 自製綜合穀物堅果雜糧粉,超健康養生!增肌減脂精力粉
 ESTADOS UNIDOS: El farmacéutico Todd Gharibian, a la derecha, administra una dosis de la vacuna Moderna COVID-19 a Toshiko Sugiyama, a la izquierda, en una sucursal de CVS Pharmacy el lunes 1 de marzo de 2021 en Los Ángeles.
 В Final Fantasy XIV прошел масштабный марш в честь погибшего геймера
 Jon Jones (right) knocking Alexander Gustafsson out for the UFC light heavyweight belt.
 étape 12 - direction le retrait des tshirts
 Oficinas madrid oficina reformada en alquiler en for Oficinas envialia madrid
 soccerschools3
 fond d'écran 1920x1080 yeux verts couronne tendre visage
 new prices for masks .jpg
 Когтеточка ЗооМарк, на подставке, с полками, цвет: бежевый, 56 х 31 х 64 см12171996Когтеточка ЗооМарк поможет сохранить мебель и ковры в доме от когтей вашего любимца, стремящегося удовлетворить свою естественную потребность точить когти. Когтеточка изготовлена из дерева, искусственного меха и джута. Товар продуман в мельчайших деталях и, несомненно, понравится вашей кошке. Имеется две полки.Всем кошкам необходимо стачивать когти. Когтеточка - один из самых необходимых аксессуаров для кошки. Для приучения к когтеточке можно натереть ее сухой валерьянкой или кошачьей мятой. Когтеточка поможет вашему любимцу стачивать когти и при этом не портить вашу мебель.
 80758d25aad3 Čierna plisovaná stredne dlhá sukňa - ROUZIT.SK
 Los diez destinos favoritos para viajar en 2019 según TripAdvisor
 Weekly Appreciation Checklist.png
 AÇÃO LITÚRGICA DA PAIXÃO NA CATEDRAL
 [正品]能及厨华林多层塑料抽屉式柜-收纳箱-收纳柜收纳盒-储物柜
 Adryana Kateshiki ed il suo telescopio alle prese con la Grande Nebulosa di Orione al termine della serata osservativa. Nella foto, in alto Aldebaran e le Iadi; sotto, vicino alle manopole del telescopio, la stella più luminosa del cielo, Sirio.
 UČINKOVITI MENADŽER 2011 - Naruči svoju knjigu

○ ○ ○ ○ ○

ABOUT THIS EXERCISE:
From the entries above, print the lines beginning at the one with "В Final Fantasy" and stopping after the one with "new prices for masks .jpg", exactly as written and with nothing else.

COMPLETED TASK:
 В Final Fantasy XIV прошел масштабный марш в честь погибшего геймера
 Jon Jones (right) knocking Alexander Gustafsson out for the UFC light heavyweight belt.
 étape 12 - direction le retrait des tshirts
 Oficinas madrid oficina reformada en alquiler en for Oficinas envialia madrid
 soccerschools3
 fond d'écran 1920x1080 yeux verts couronne tendre visage
 new prices for masks .jpg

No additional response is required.